But the real promise of networked TV is that it becomes more than just a turn-taker, and begins to participate more actively in the conversation.

Perhaps not quite as actively as that, but there are some amusing parallels between some of the proposals for future TV services and the TV-becoming-flesh in Cronenberg’s Videodrome.

For example, some of the most interesting social TV research I’ve found so far – namely the notube project has looked at ways of leveraging network technologies, linked data and Semantic Web strategies for enriching TV viewer’s experience.

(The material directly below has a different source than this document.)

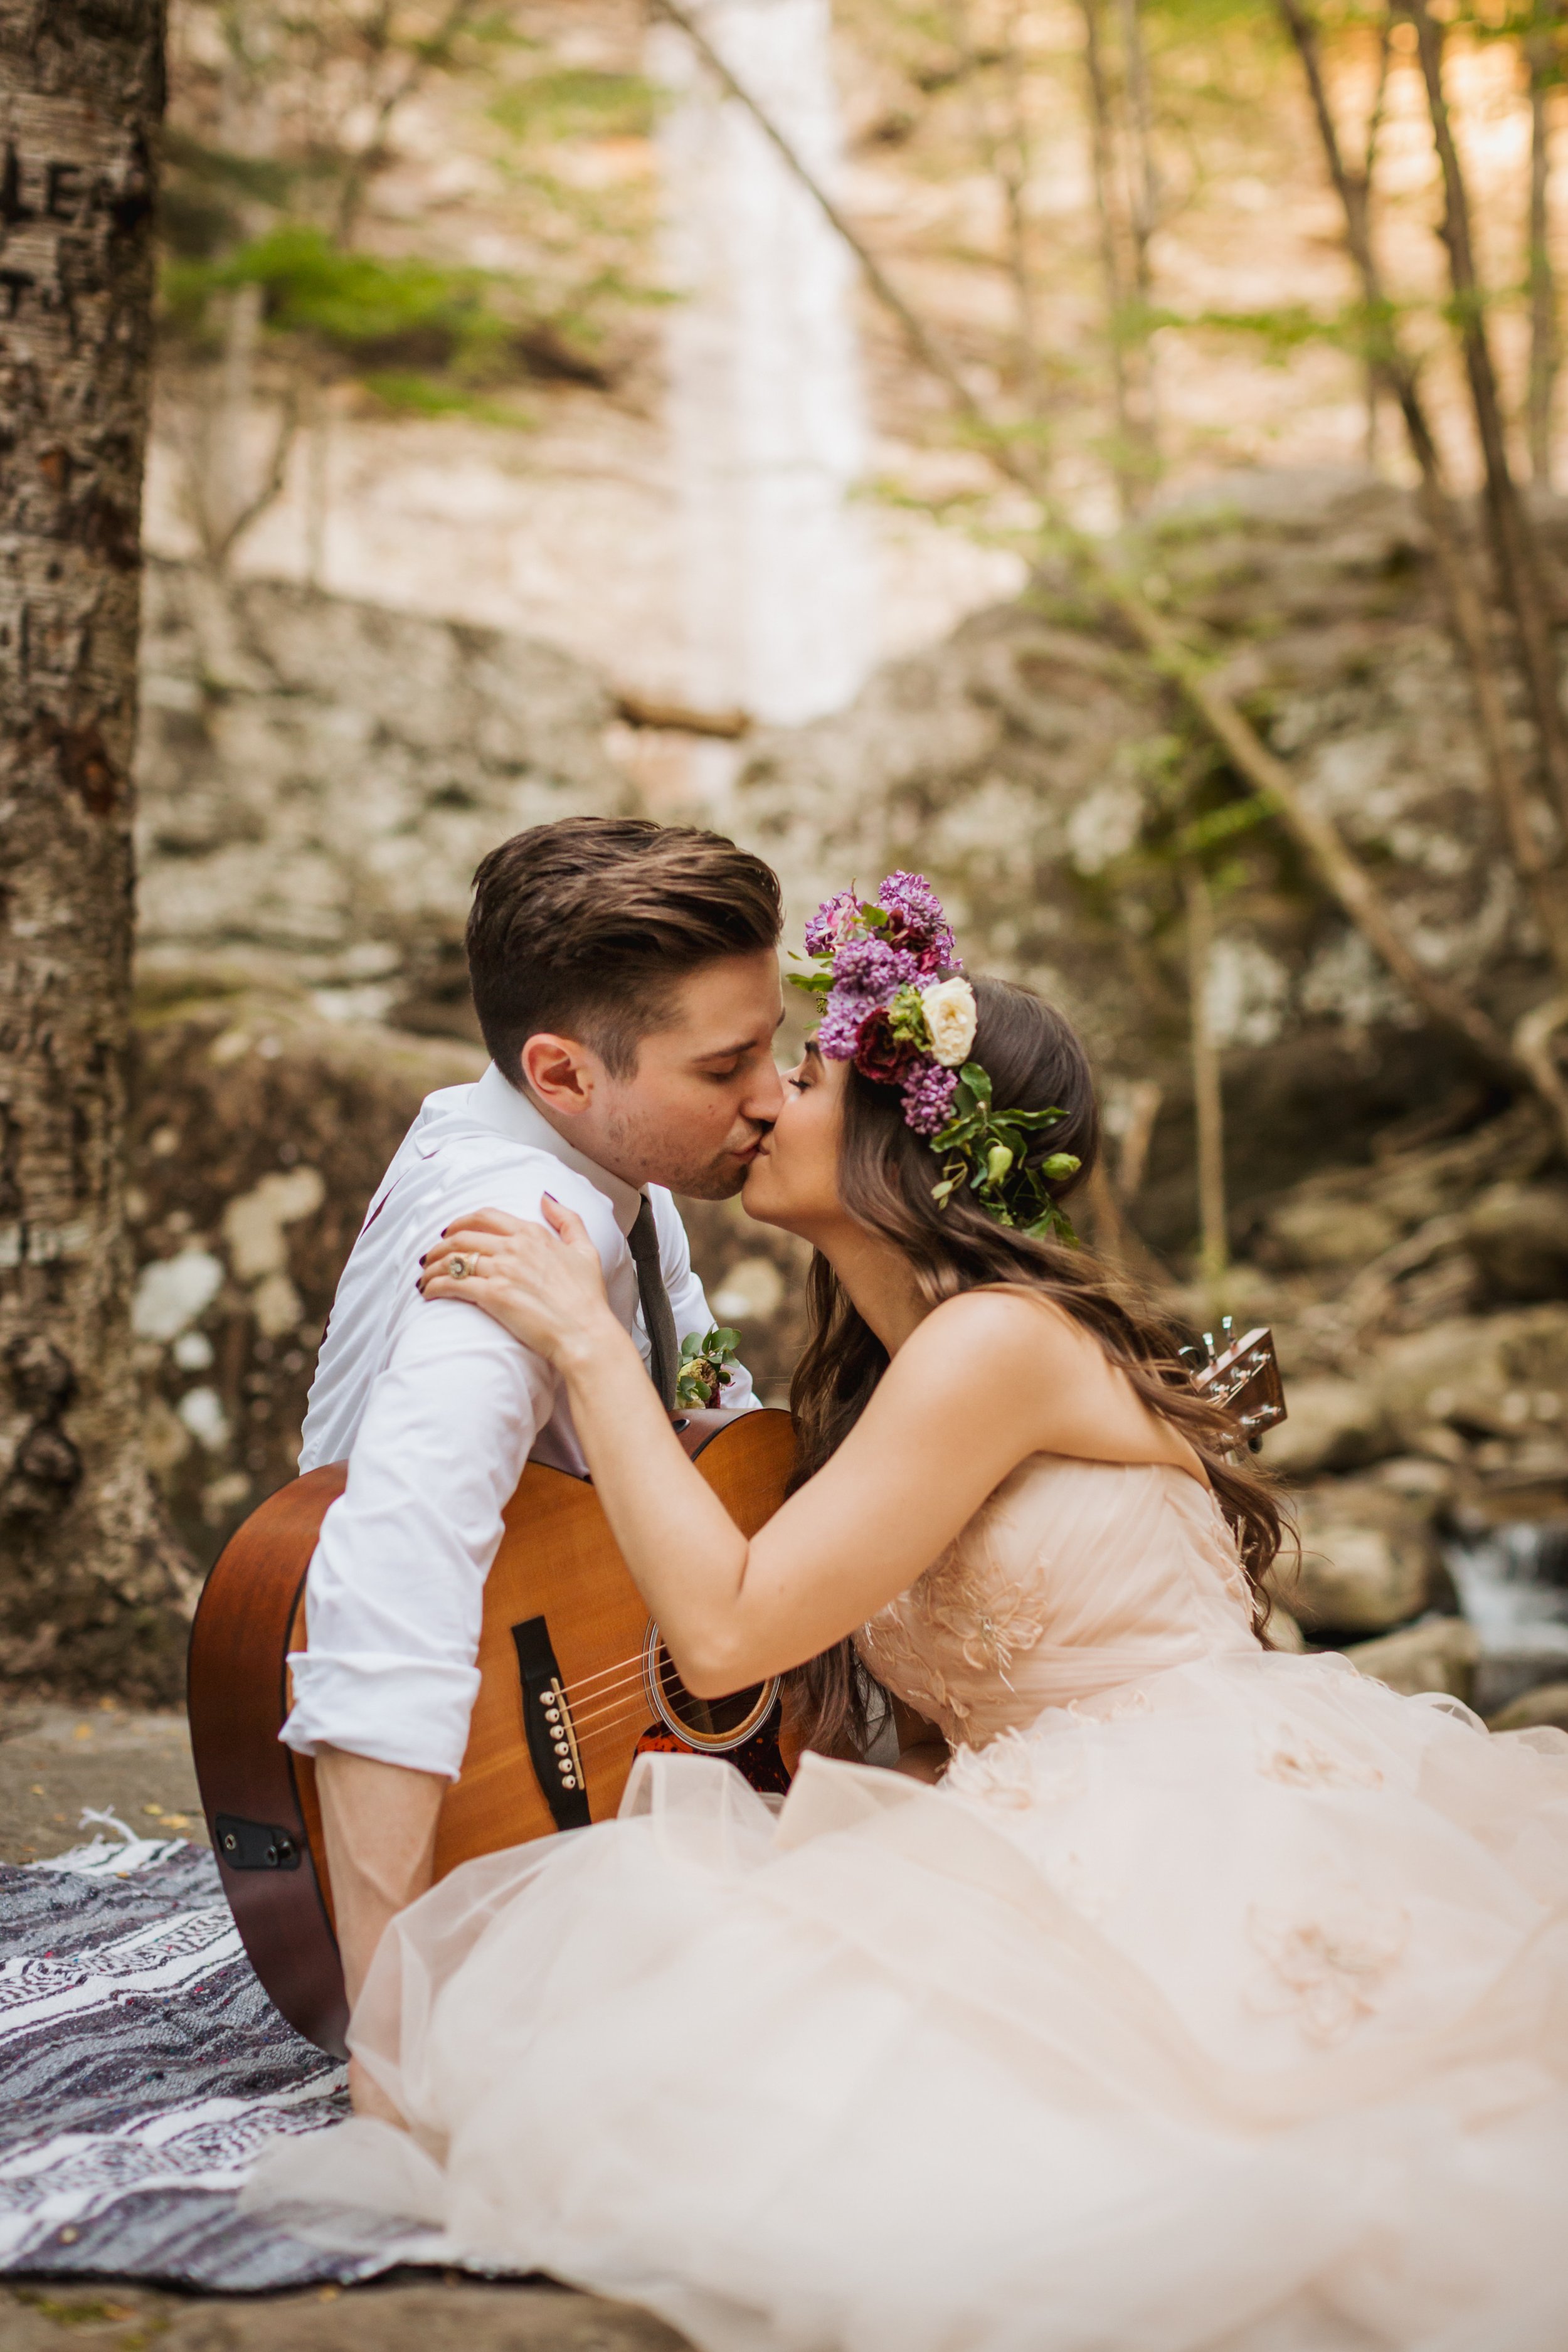 Couple sharing a kiss at their outdoor, nature-inspired elopement shoot with Promise Mountain

Their ‘beancounter’ application uses a variety of sources including social network platforms, to aggregate data about what you’re watching and creates a detailed, machine readable profile of your habits. This profile can then be used to generate better recommendations, or even help to inform and improve your experience of viewing and discussing media. The really difficult bits of this problem – like trying to figure out what is actually being talked about are dealt with gracefully, using ‘good enough’ systems that evaluate multi-lingual natural language text strings and suggest concepts that they may refer to. Ontotext’s LUpedia service provides this entity recognition function for notube. {{2}}

But in a home, where the TV is in a shared space, does the TV learn from each member of the family separately? From listening to discussions at BT, I’ve learned that the ‘problem’ of knowing who is watching the TV, in order to recommend relevant and appropriate content is not going to be solved by having each watcher cumbersomely log in to the TV. Nor is it going to be entirely solved by logged-in or sensed 2nd screen companion devices (not everyone will have one). BT’s immediate strategy will apparently involve a more complex watershed, where what people watch at certain times of day will inform assumptions about who is watching, and what kinds of content to recommend. Communications companies just don’t have this level of access to monitoring our individual behaviours within the home, and there are probably serious privacy and consent implications that will be significant barriers to granting it to them.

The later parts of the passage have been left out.